In terms of her own practice, Swann is particularly enamored of painting, but allows herself to move through disciplines according to whichever form the subject matter takes on its own. "All of my art is channeled," she explains. "I let the 'downloads' tell me the correct format—the medium is the medium." Right now, Swann's working on a series of paintings based on her communications with plants.
"Art, for me, is an instrument for the liberating force of sacred magic and the awakening of free will," she believes. "I am interested in art as an apparatus for psychic hygiene and as an instrument for transmitting more compassion and freedom to this plane. True art transmits full consciousness and full responsibility to the receiver. I employ art as a tool for taking full responsibility for my births, lives, and deaths."
Ultimately, Swann is humbled by the idea that both the seeker and the source are part of the same circle, and that frequencies transmitted through sound, word, and image impart personal wisdoms that are absorbed by our bodies. Swann, however, also feels that much of our knowledge as a species has been eradicated under a capitalist worldview, although fear of women and healers extends back centuries. Yet while the reality may be dark, it doesn’t necessarily mean there’s no light ahead.
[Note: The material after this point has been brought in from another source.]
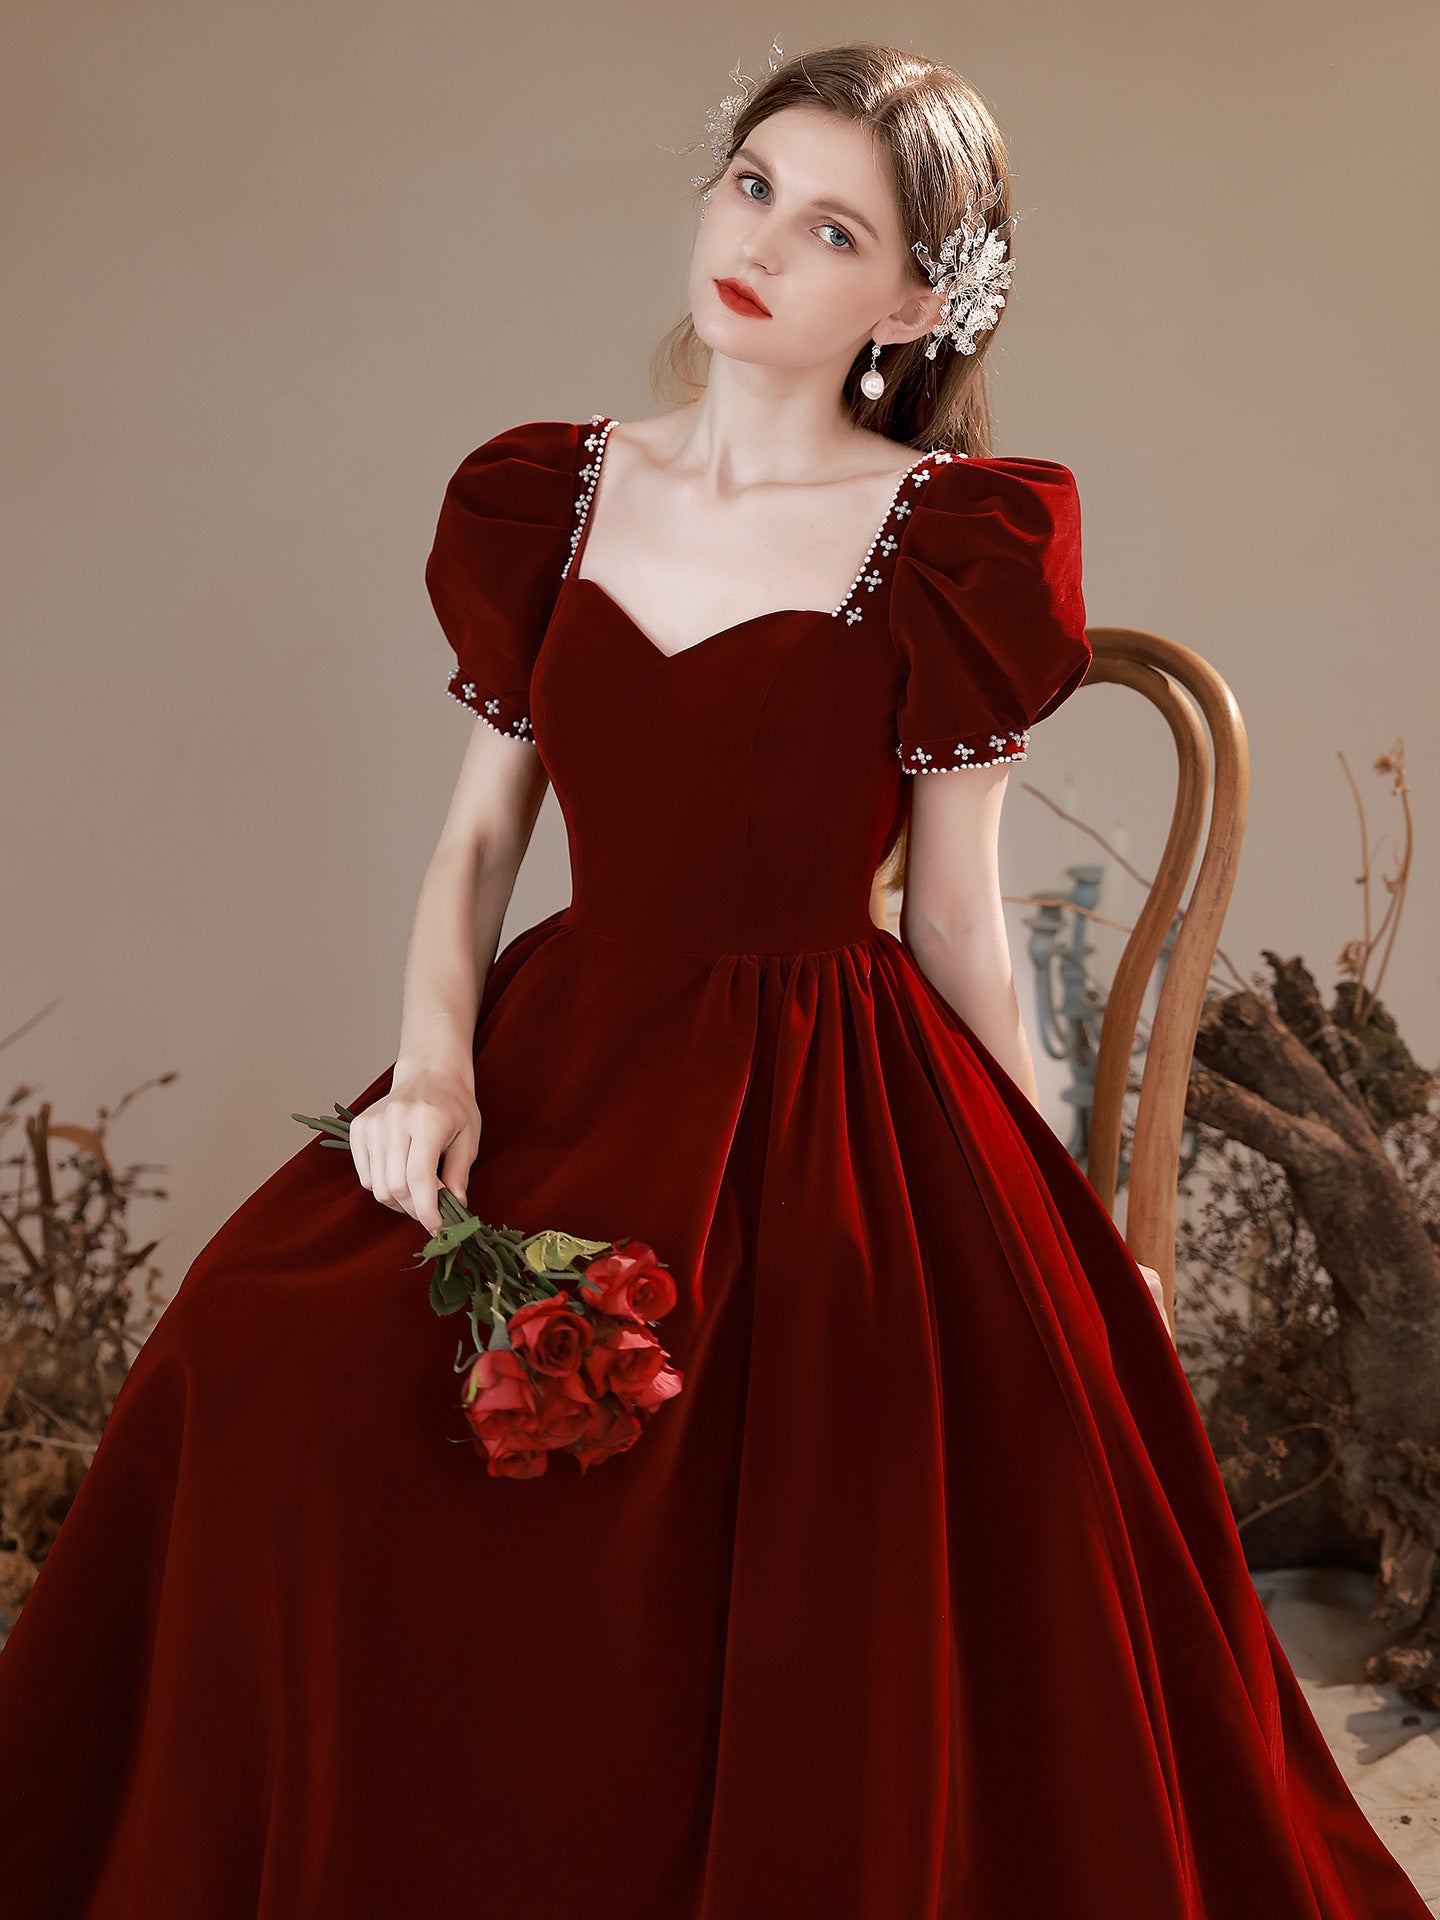 Sweetheart A Line Long Prom Dress Puff Sleeves Velvet Burgundy Evening Gown 574

"The witch hunts in the Middle Ages targeted the midwives and healers whose traditional roles included what we would now classify as obstetrician, medical doctor, pastor, philosopher, performance artist, and psychotherapist," Swann says. "The atrocious and humiliating deaths to which so many of them were subjected left indelible marks on the collective psyche and destroyed thousands of years of traditional healing wisdom; we were forced to view their work as dangerous and irrational or suffer similar violence ourselves."
"At the same moment in history," Swann continues, "the transatlantic slave trade and the genocide of the indigenous people in the ‘New World’ destroyed millions of lives and declared that the healing, philosophical, and spiritual traditions of the murdered, enslaved, and displaced people were 'heathen' and 'primitive.' All of this terror was engineered by the European ruling elite to implement the capitalist system so that our bodies and our land could be owned by a few men. As a mystic, I am proud to belong to a world that capitalism is anxious to destroy: a world with strong female leadership, a world rooted in local communities and knowledge, a world that respects wild spaces, a world alive with magical possibilities, a world of generosity, a world where people are connected to their own healing process, a world deep in the process of resistance and renewal."